Local Development Setup¶
This guide covers setting up a local development environment for the Opifex framework, including native installation, Docker-based workflows, and the model serving API.
Table of Contents¶
- Prerequisites
- Native Installation
- Docker Setup
- Model Serving API
- Development Workflow
- Testing
- Troubleshooting
Prerequisites¶
System Requirements¶
- Operating System: Linux, macOS, or Windows 10/11
- RAM: 16GB minimum, 32GB recommended
- Storage: 50GB free space
- GPU: Optional NVIDIA GPU for CUDA acceleration
Required Software¶
- Python 3.12+
- uv -- the sole package manager for this project
- Git
- Docker and Docker Compose (for container workflows)
Native Installation¶
Step 1: Clone Repository¶
Step 2: Run Setup¶
The setup.sh script auto-detects your hardware, creates a .venv virtual environment, and installs all dependencies via uv.
Flags:
| Flag | Description |
|---|---|
--backend auto\|cpu\|cuda12\|metal |
Choose compute backend. Default: auto (detects GPU) |
--python <version> |
Create the .venv with a specific Python version |
--recreate |
Remove existing .venv before syncing |
--force-clean |
Remove .venv, generated .opifex.env, and test artifacts |
--dry-run |
Print resolved backend and uv commands without making changes |
The script writes a .opifex.env file with the resolved backend settings. If you have a .env file, it acts as a user-owned override layer loaded after .opifex.env.
Step 3: Activate Environment¶
You must run source activate.sh before any uv run command (tests, linting, etc.).

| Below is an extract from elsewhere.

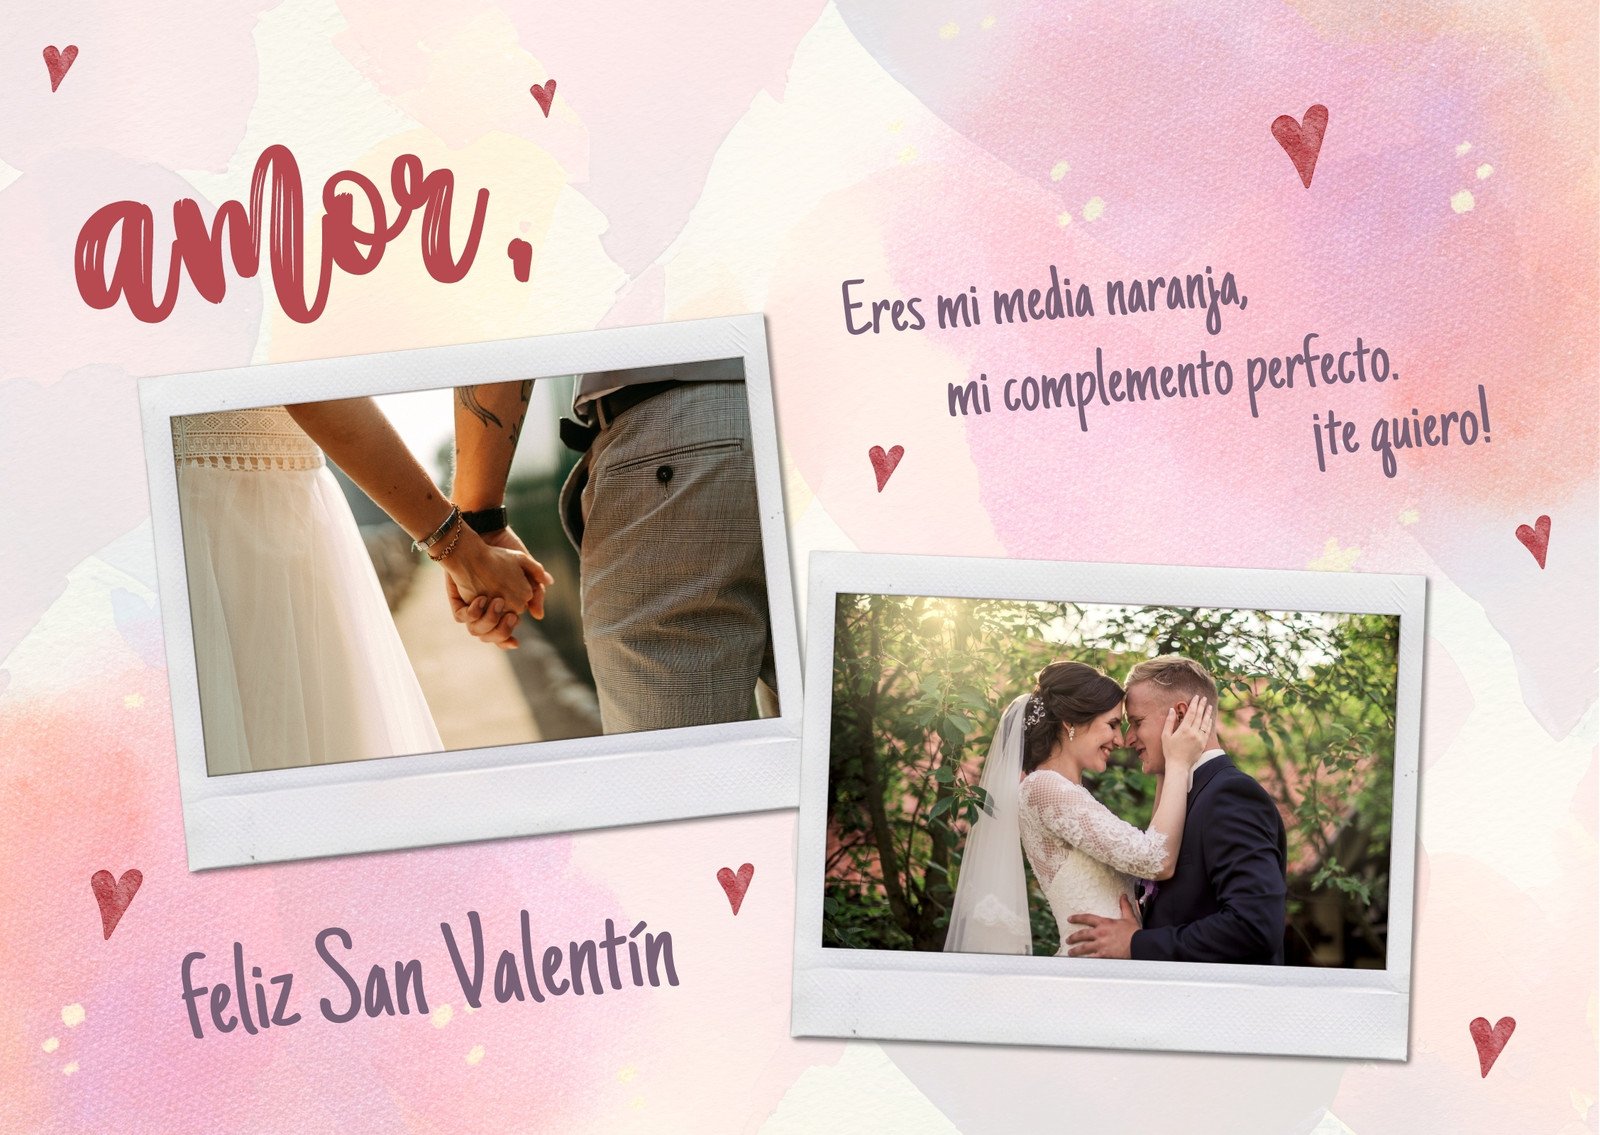 Tarjeta Romántica de Día de San Valentín con fotos de pareja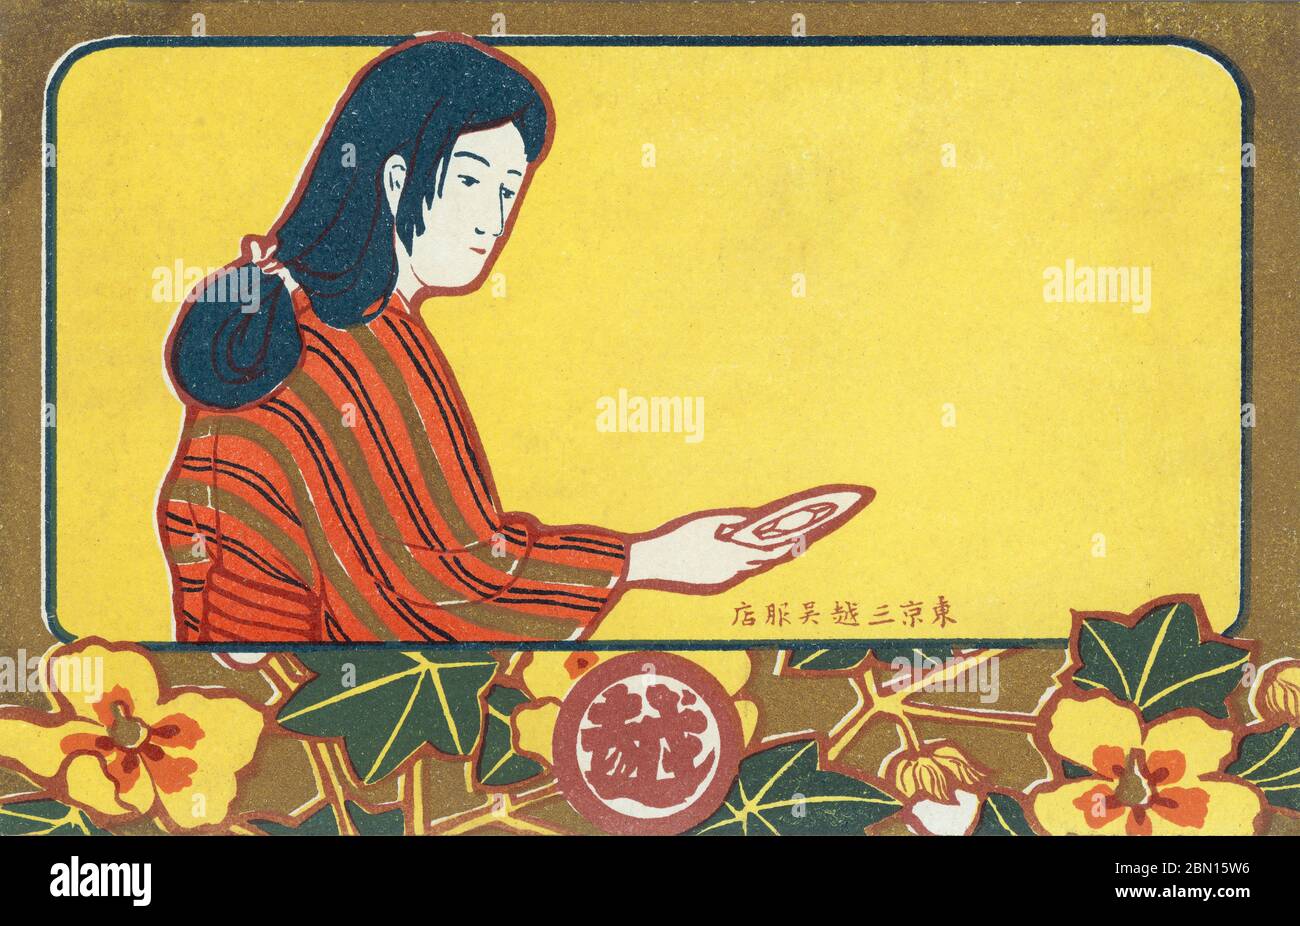 [ 1900er Japan - Mitsukoshi Werbung ] - Werbepostkarte für Mitsukoshi Kaufhaus mit einer Illustration einer Frau in Kimono. Japanischer Text: 東京三越呉服店 Vintage Postkarte des 20. Jahrhunderts. Stockfoto

Step 4: Install Pre-commit Hooks¶
Step 5: Verify Installation¶
# Verify JAX
python -c "import jax; print('JAX version:', jax.__version__); print('Devices:', jax.devices())"
# Run quick tests
source activate.sh && uv run pytest tests/ -x -q
# Code quality checks
uv run ruff check src/
uv run ruff format --check src/
uv run pyright src/
Docker Setup¶
The project provides a single Dockerfile (based on nvidia/cuda:12.4.1-cudnn-runtime-ubuntu22.04) and a docker-compose.yml with two services.
Services¶
| Service | Description | GPU |
|---|---|---|
opifex-gpu |
Full GPU runtime with NVIDIA device passthrough | Yes |
opifex-cpu |
CPU-only runtime (JAX_PLATFORMS=cpu) |
No |
Both services mount ./data and ./checkpoints as volumes.
Build and Run¶
# Build the image
docker build -t opifex:latest .
# Run with GPU support
docker compose up opifex-gpu
# Run CPU-only
docker compose up opifex-cpu
# Run tests inside the container
docker compose run opifex-cpu pytest tests/ -x -q
# Quick smoke test
docker run --rm --gpus all opifex:latest python -c "import opifex; print('OK')"
Dockerfile Details¶
The Dockerfile uses a two-layer caching strategy:
- Layer 1 (dependencies): Copies
pyproject.toml,uv.lock, and installs.[dev,gpu,test]extras viauv. Cached unless lock files change. - Layer 2 (source): Copies
src/,tests/,scripts/,examples/and reinstalls in editable mode.
Key environment variables set in the image:
XLA_PYTHON_CLIENT_PREALLOCATE=false-- prevents full GPU memory preallocationXLA_PYTHON_CLIENT_MEM_FRACTION=0.75-- limits JAX GPU memory usage
Model Serving API¶
Opifex includes a FastAPI-based model serving server at opifex.deployment.server.
Running the Server¶
The server reads configuration from environment variables:
| Variable | Default | Description |
|---|---|---|
OPIFEX_HOST |
127.0.0.1 |
Bind address |
OPIFEX_PORT |
8080 |
Bind port |
OPIFEX_WORKERS |
1 |
Uvicorn worker count |
OPIFEX_LOG_LEVEL |
info |
Log level |
OPIFEX_MODEL_NAME |
default |
Model name |
OPIFEX_MODEL_TYPE |
neural_operator |
Model type |
OPIFEX_BATCH_SIZE |
32 |
Batch size |
OPIFEX_PRECISION |
float32 |
Precision (float16, float32, float64) |
OPIFEX_MODEL_REGISTRY |
./models |
Path for model registry storage |
JAX_PLATFORM_NAME |
cpu |
JAX platform (set to gpu for GPU inference) |
API Endpoints¶
| Method | Path | Description |
|---|---|---|
GET |
/ |
API information and links |
GET |
/health |
Health check (component status, uptime) |
GET |
/models |
List registered models |
POST |
/predict |
Run inference (JSON body: {"data": [...]}) |
GET |
/metrics |
Performance metrics (latency, throughput) |
GET |
/docs |
Swagger UI (auto-generated) |
GET |
/redoc |
ReDoc documentation |
Core Serving Components¶
The serving infrastructure lives in src/opifex/deployment/core_serving.py:
DeploymentConfig-- dataclass for model deployment configuration (port, batch size, precision, GPU toggle)InferenceEngine-- JIT-compiled inference with performance tracking. Load a Flax NNX model viaengine.load_model(model, metadata), then callengine.predict(input_data)ModelRegistry-- file-based registry for storing and versioning models with metadataModelServer-- programmatic server wrapper aroundInferenceEngineModelMetadata-- dataclass for model metadata (name, version, shapes, accuracy metrics)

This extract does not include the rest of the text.